▸ **Action item**
Quote all lines below exactly. Images stay out.
### Supplied information ###
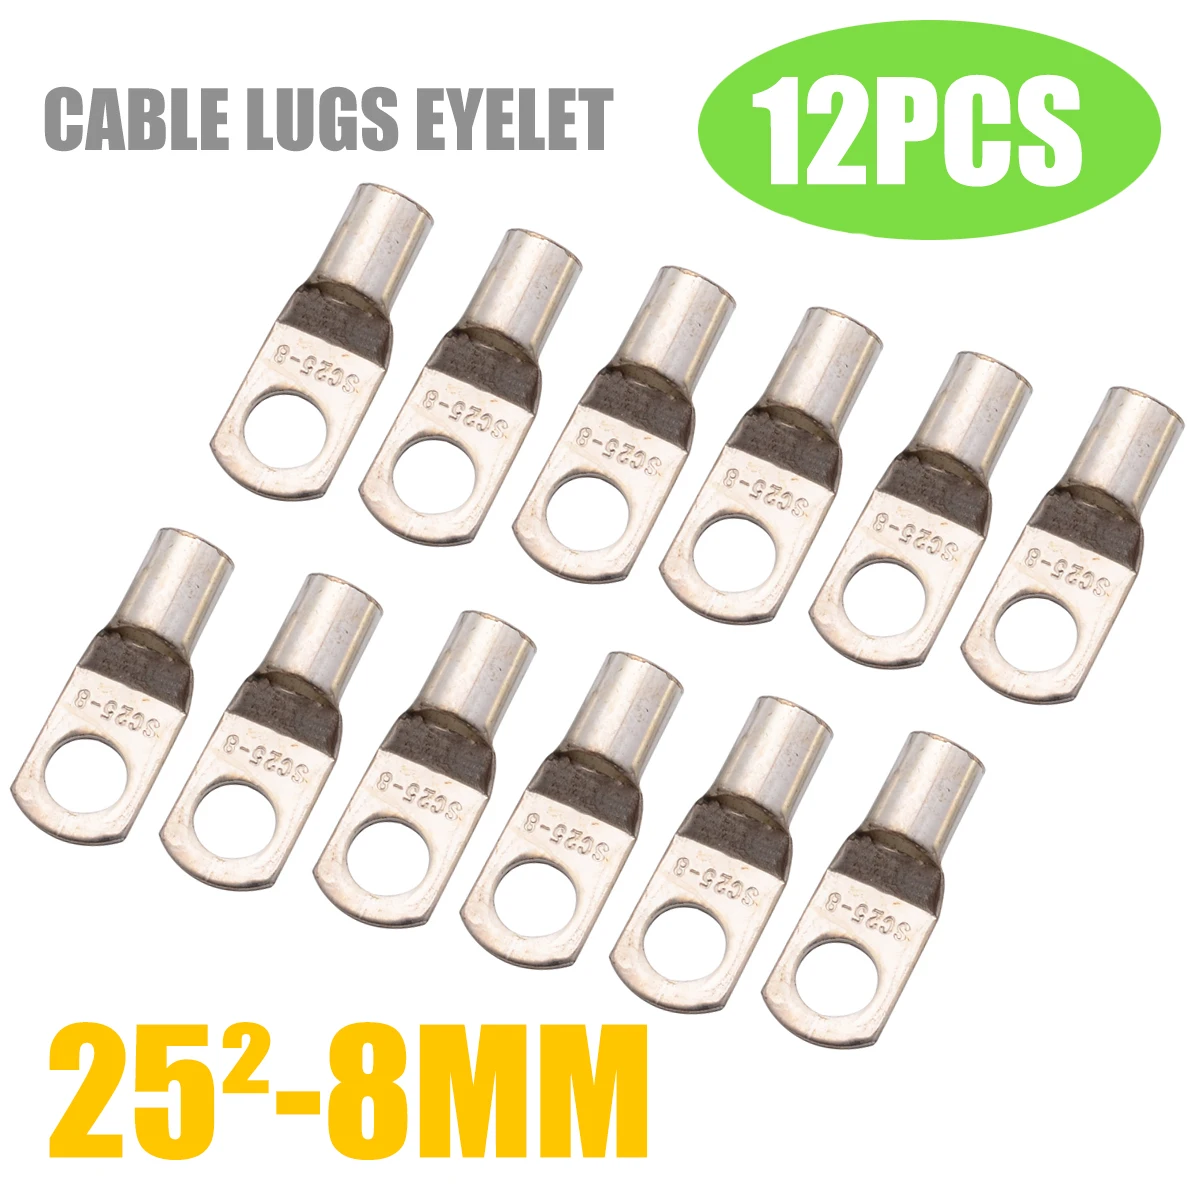 

12pcs 3AWG 5/16" Copper Ring Battery Terminals Connector Cable Lugs Eyelet 25mm-8mm Electrical Supplies Bolt Hole
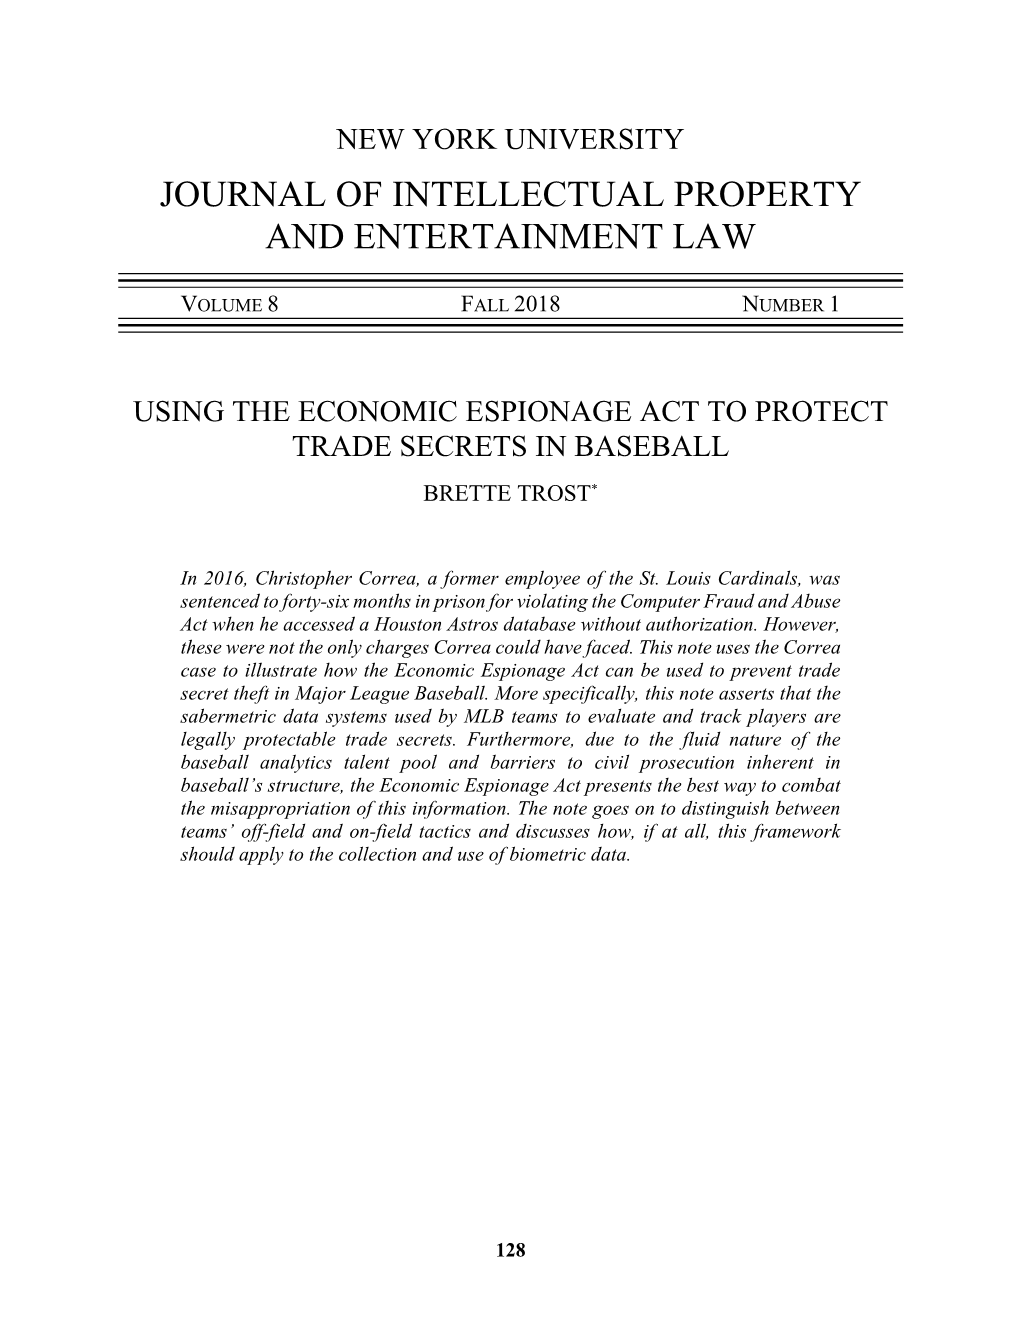 Journal of Intellectual Property and Entertainment Law
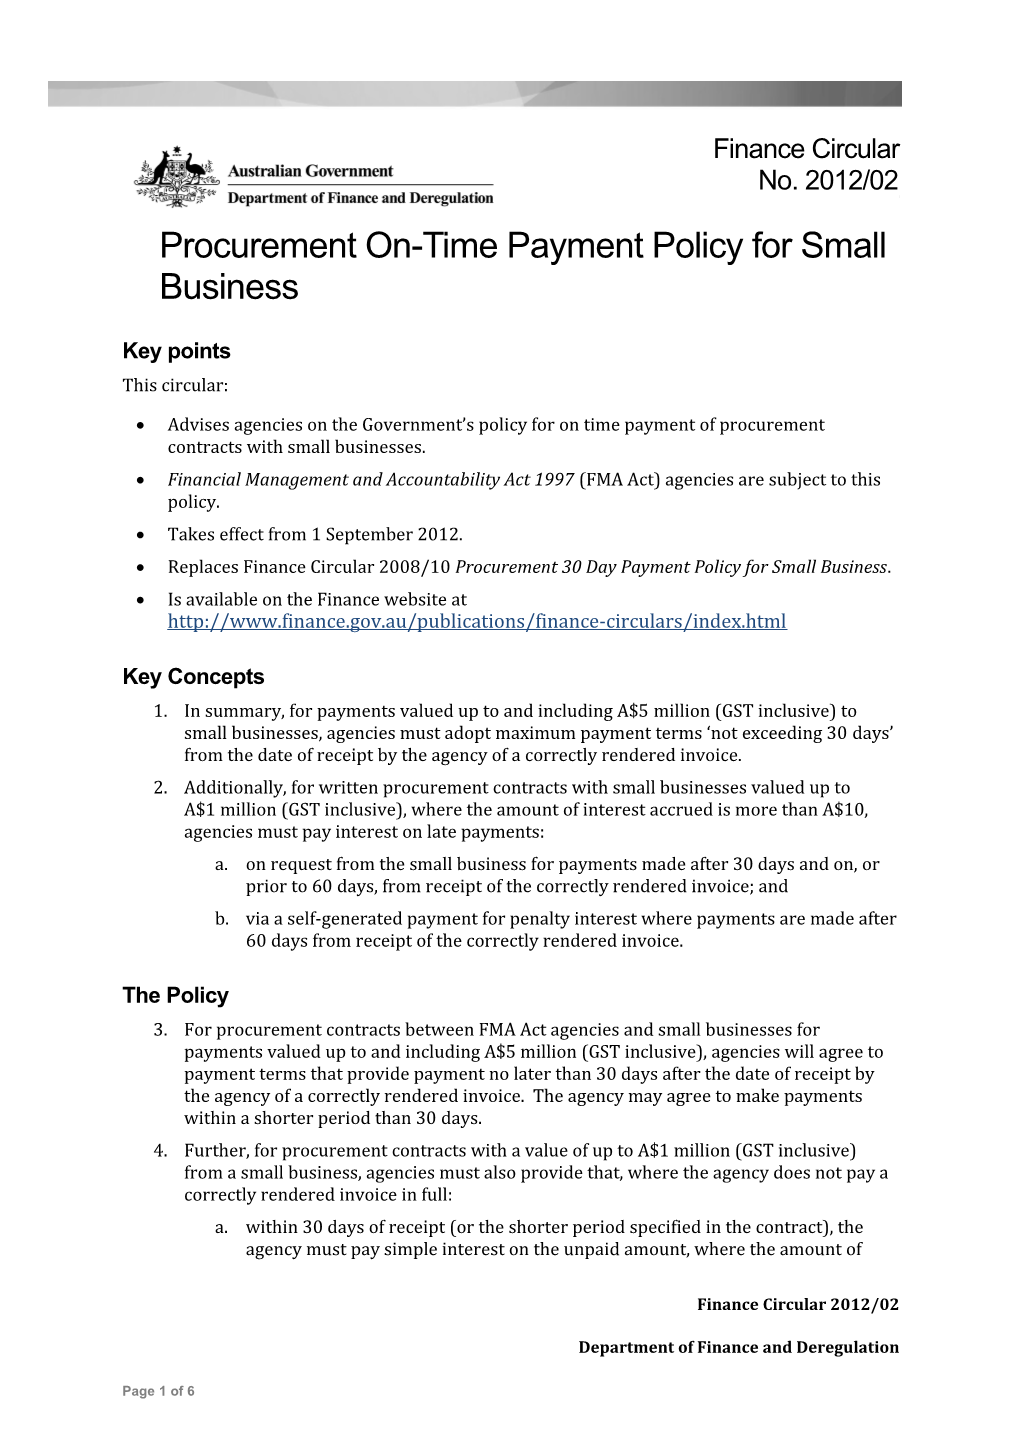 Finance Circular No. 2012/02 - Procurement On-Time Payment Policy for Small Business
###
▸ **Solution**
12pcs 3AWG 5/16" Copper Ring Battery Terminals Connector Cable Lugs Eyelet 25mm-8mm Electrical Supplies Bolt Hole
 Journal of Intellectual Property and Entertainment Law
 Finance Circular No. 2012/02 - Procurement On-Time Payment Policy for Small Business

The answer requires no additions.